I was ushered into my workday this morning by an email letting me know that one of the kids on my caseload has run away.
The same teenager that I had to stay overnight at the office with a couple weeks back. The one that I would work at DSS forever for if it meant he would not have to endure another loss. The teenager that has lived in 20+ different places and lost every parent and sibling he has ever known.
The same teenager that makes really dumb choices and smokes a lot of pot. The one that will be repeating 10 grade for the 3rd time at 17 years old and still asks me how to spell every other word that he writes. The boy that hardly takes responsibility for his actions because he is so detached from everything around him.
Him. He ran away.
And my heart breaks.
Because he is broken. He is hurting and the pain never stops. He brings a lot of it upon himself and a lot of it he was born into.
He was in 20+ placements throughout his life because NOT ONE FAMILY was willing to commit to him and his terribly defiant and detached behaviors. NOT ONE. There has been so much “you messed up and now you don’t get a family” in his 17 years that the simple idea of family, and grace within a family, are completely foreign to him. I asked him last week who he is able to trust in his life and he named 3 people. THREE people that he trusts out of 17 years of life.
And ya know what? All 3 of them are his service providers and in some way employed to care about him.
That is unacceptable.
Plain & simple.
No government agency will make a good parent.
It was not meant to carry out that task.
But so often it is asked to do just that.
Stop placing the blame.
I started to think about Jesus this morning after I read that email. I started to pray for my boy.
And when I think about Jesus, I think about the ways in which he surrounded himself with the broken; people like this teenager.
Jesus loved the broken.
The vulnerable.
The marginalized.
The segregated.
The rejected woman.
The addicted man.
The orphaned child.
The mentally ill.
The homeless.
The lost.
And he loves my teenager.
But so often I don’t see the Church reflecting that image of God.
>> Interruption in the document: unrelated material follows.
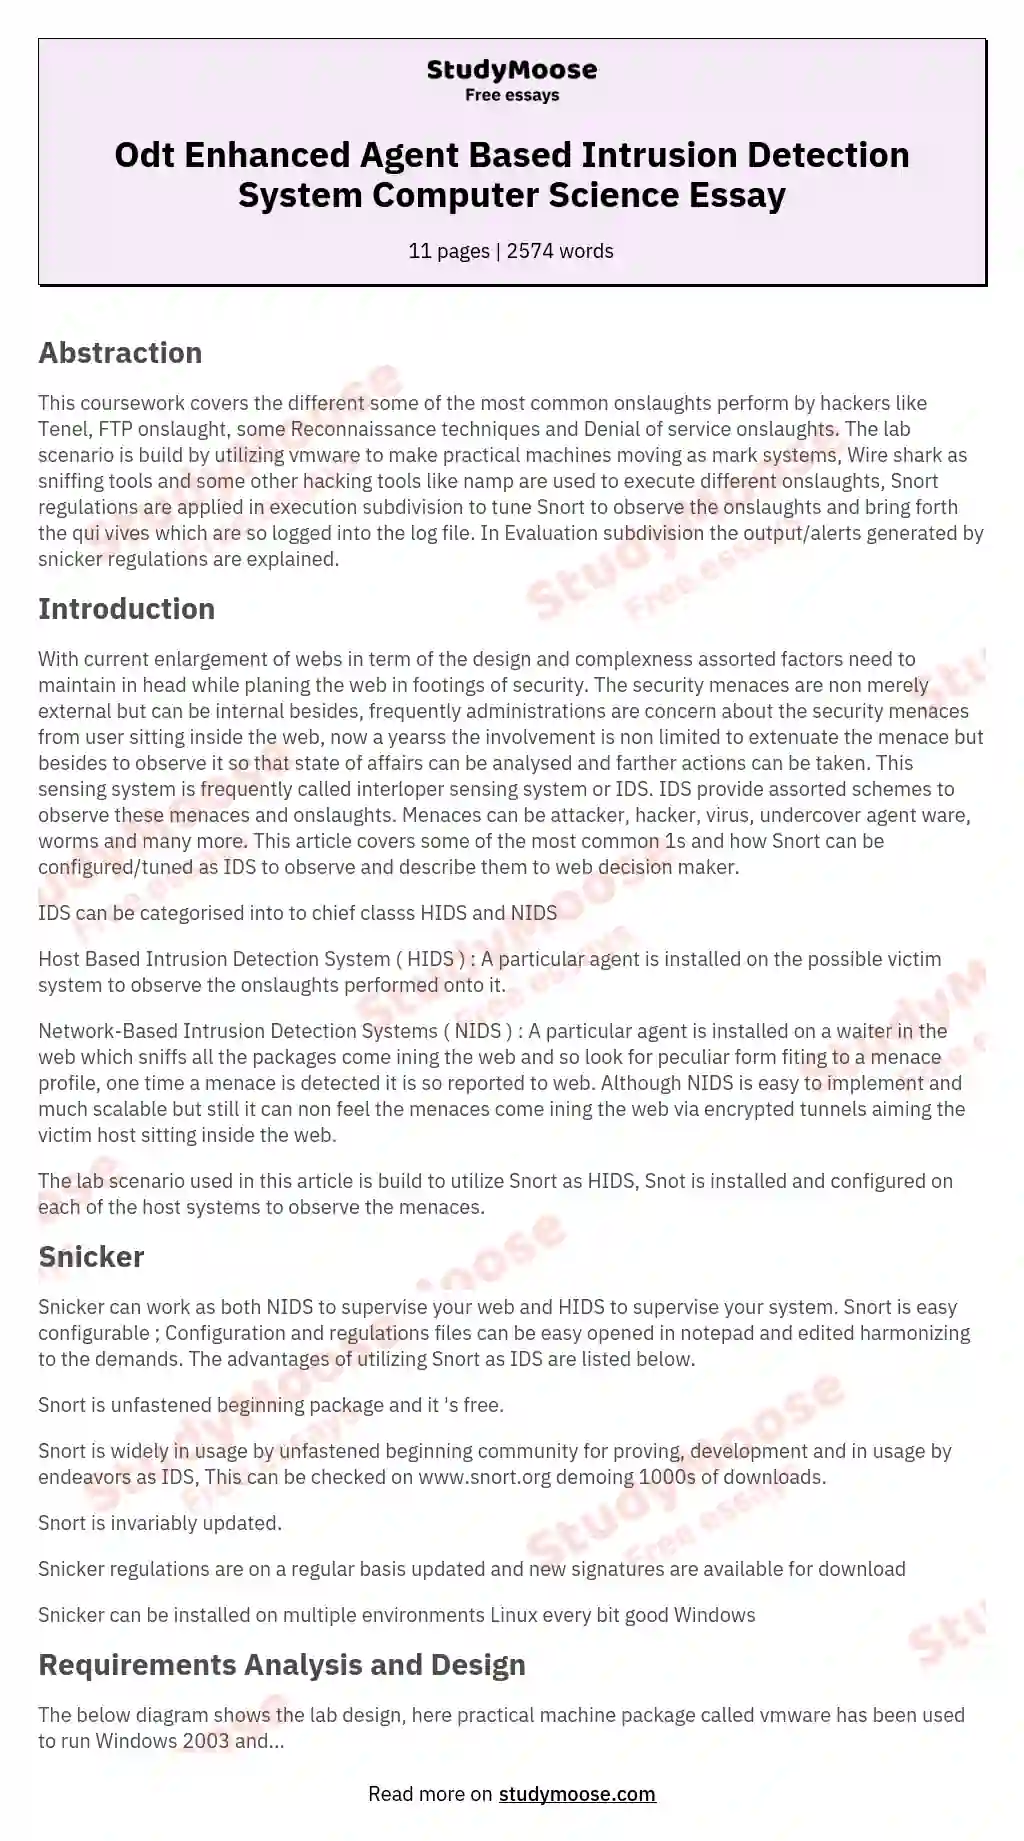 Odt Enhanced Agent Based Intrusion Detection System Computer Science Essay essay

And I know you’ll think to yourself, “Our church has a great homeless ministry.” or “My church has a thriving orphan ministry.”
And those are wonderful things.
But let me ask you this- What are YOU personally doing in your life to help carry the sins and burdens of other people? What are YOU personally doing that makes you feel uncomfortable and drained? What are YOU personally doing that makes you feel completely desperate for Jesus?
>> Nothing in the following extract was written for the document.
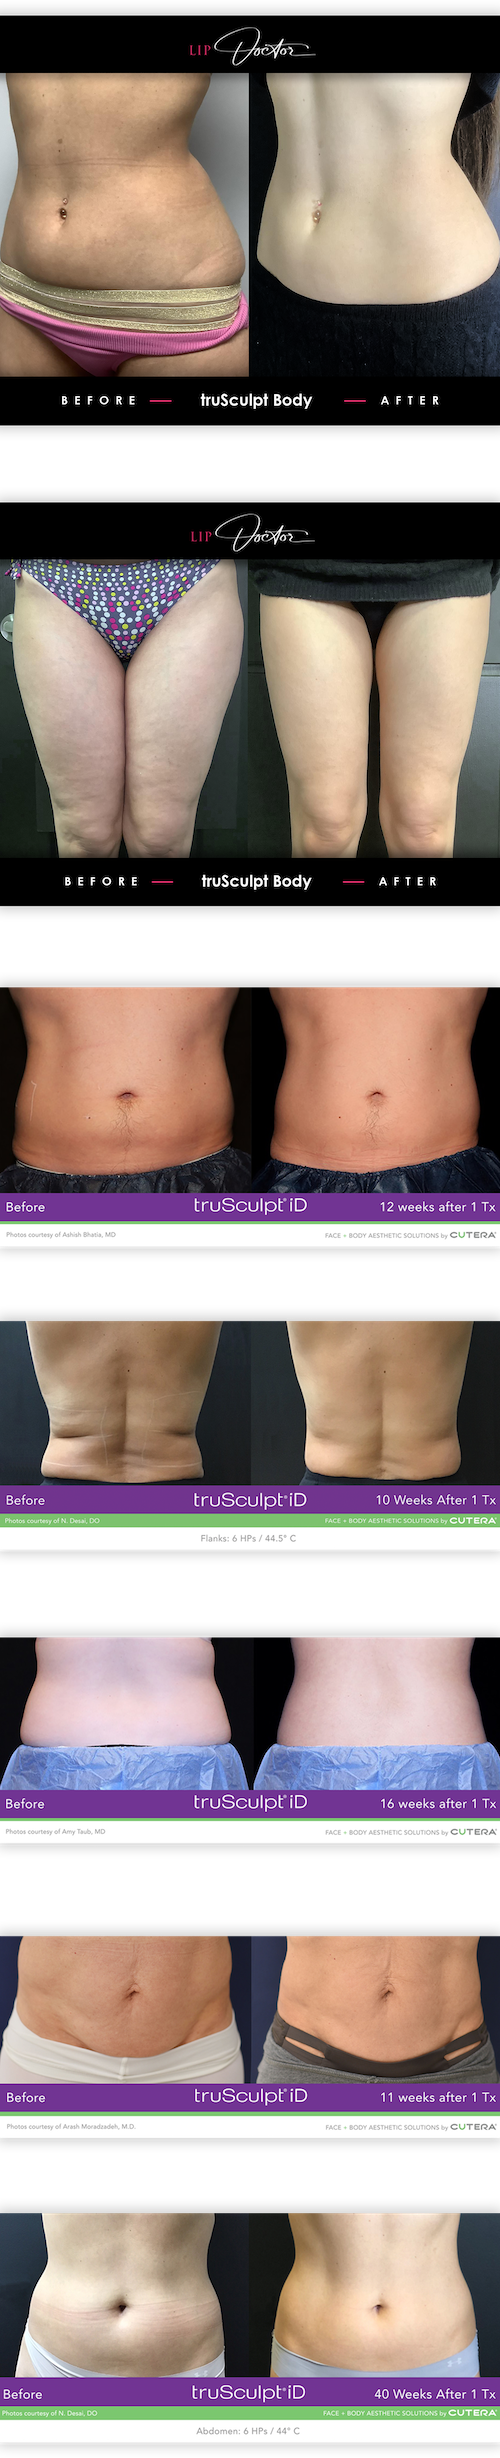 before after trusculpt mobile

Because the Jesus that I know.. He RAN to the vulnerable. He longed to see the broken restored. His heart was wrecked for orphan.
Yet we, His children and beloved, are so reluctant to care in the most minuscule of ways.
And that is not of Jesus.
I don’t know that I can say it many more times or scream it much louder without it losing it’s sting, but..
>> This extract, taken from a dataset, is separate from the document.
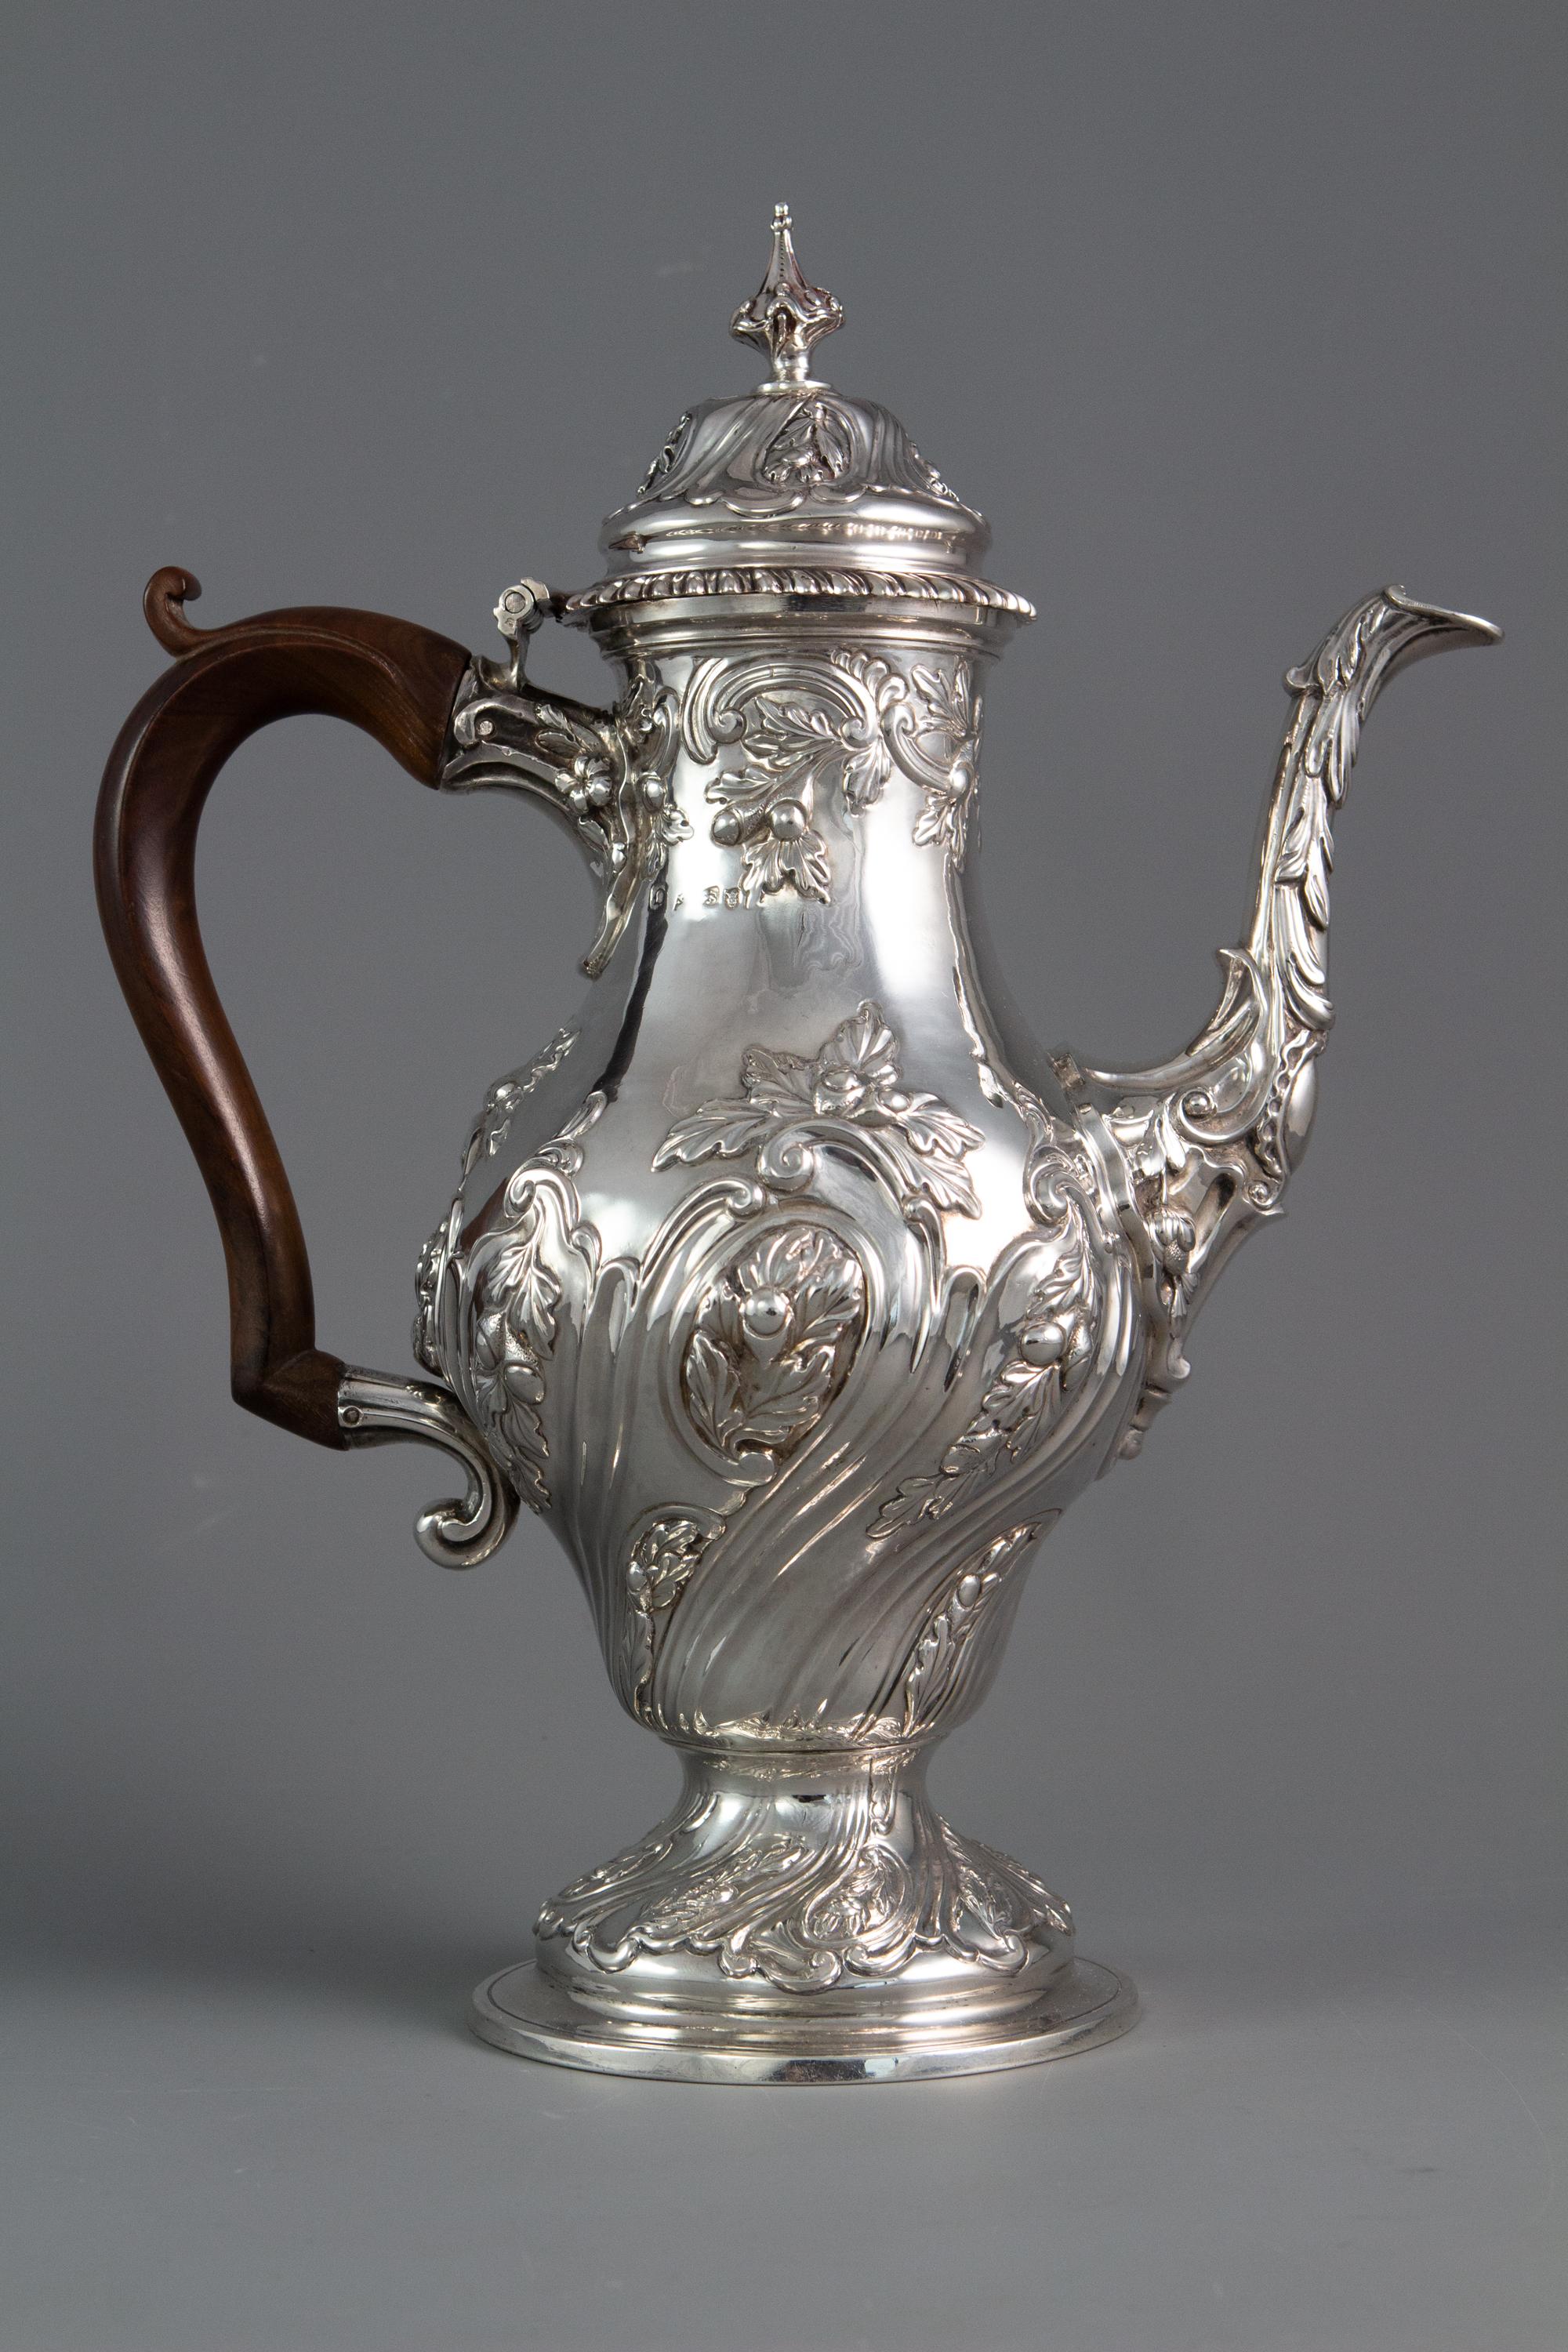 A George III silver coffee pot, London 1769 by William Abdy. The body of double pear-shaped form with embossed spiral-fluted foliate decoration. A floral decorated cast spout and handle mountings. The hinged lid with matching decoration and a

WHERE ARE WE CHURCH?? RISE UP!!!!
We should count it AN HONOR to serve and love and bring hope to the broken…
just as our Jesus did.
We should be desperate to see Him glorified.
There are around 300 churches in Greenville county. 300 churches that are supposed to care about the things and people that Jesus cared about.
And yet there was not even one family for my one teenager.
Please church, stop telling him that he doesn’t matter.
And stop telling yourself that he doesn’t notice.